Check the org size context: An org going from 2 to 6 contributors (200% growth) is more interesting than one going from 50 to 54 (8% growth), even if the absolute numbers favor the larger org. We normalize for this in scoring, but when you're reading the list, look at the growth rate, not just the current size.
Repository type matters: New repos that are product repos (named after a feature, a product, a service) are better signals than new repos that look like internal tooling. You can often tell from the repo name and description whether this is customer-facing.
Avoid the star trap: High star count alone is a vanity metric for sales purposes. A company with 50k stars on an open-source project might be a tiny team with no budget. Cross-check star acceleration with contributor count — both high means real traction.
Using the Weekly Top 50 Report
Every Monday, GitLeads emails a ranked list of the top 50 GitHub organizations showing the strongest growth signals from the previous week.
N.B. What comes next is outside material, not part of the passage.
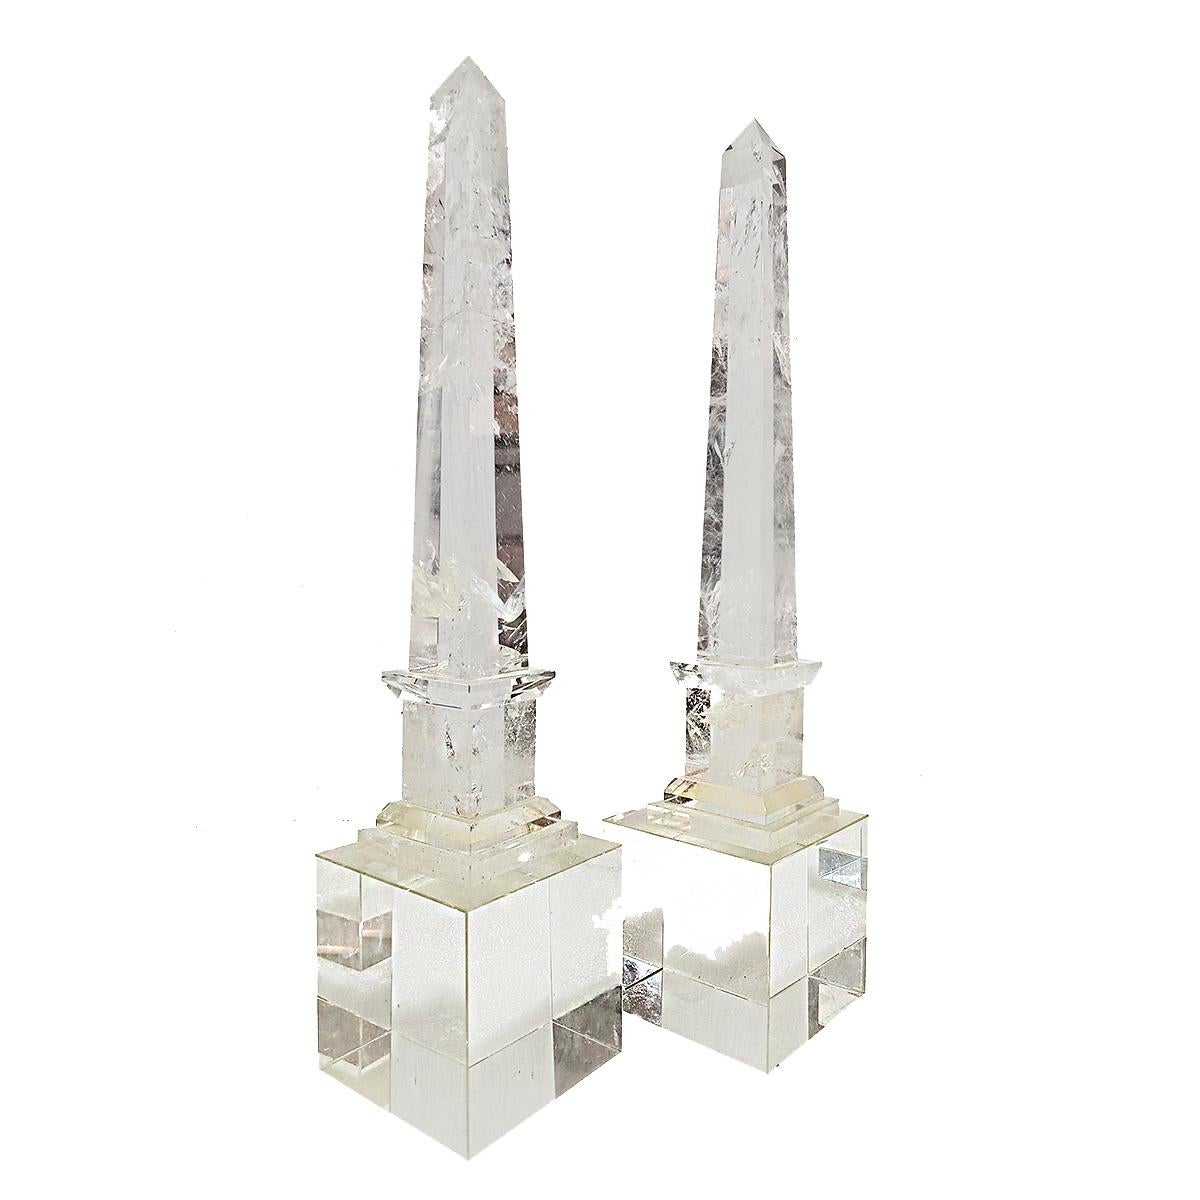 A pair of Continental Rock Crystal obelisks, from France, late 19th Century. 

The obelisks proper are 12 inches high, each mounted on a 4-inch crystal cube of a later date, for a total height of 18 inches. The obelisks are in their original

Here's how to work it:
- First pass: Scan for orgs you've never heard of. Familiar names you already know aren't leads — they're companies you've already missed or already have in pipe.
- Check the signal breakdown: For each interesting org, look at which signals are driving the score. New contributors + new repos = hiring + building. That's your opening.
- Find the ICP match: Does this org match your buyer persona? Check their GitHub org description, website link, and primary repo language. A company writing TypeScript + React is a different buyer than one writing Python + ML notebooks.
- Reach out before the press does: The goal is to contact them this week, not next month. The signal is freshest now. Use the GitHub org link to find their website, then find the right contact.
Putting It Into Practice
A repeatable weekly workflow:
- Monday morning: Read the Top 50 report (arrives in email ~8AM UTC)
- Spend 20 minutes flagging 5-8 orgs that match your ICP
- For each flagged org: find website → find buyer → send a personalized outreach that references what you saw on GitHub ("I noticed your team has been shipping fast — 3 new repos and several new contributors in the past few weeks")
- Track which GitHub signal types most often convert to meetings for your ICP — optimize over time
The reference to their GitHub activity in outreach is the differentiator. It's not a cold email — it's a warm observation. "I saw you're growing fast" backed by specifics is far more compelling than "I wanted to reach out about our solution."
The Compounding Advantage
The teams that win with this methodology are the ones that stay consistent. One week of GitHub prospecting produces leads. Twelve weeks of GitHub prospecting produces a mental model of the market: which sectors are heating up, which companies are accelerating their engineering investment, which GitHub languages and repo patterns predict the buyers who convert for your product.
That market intelligence is worth as much as the individual leads.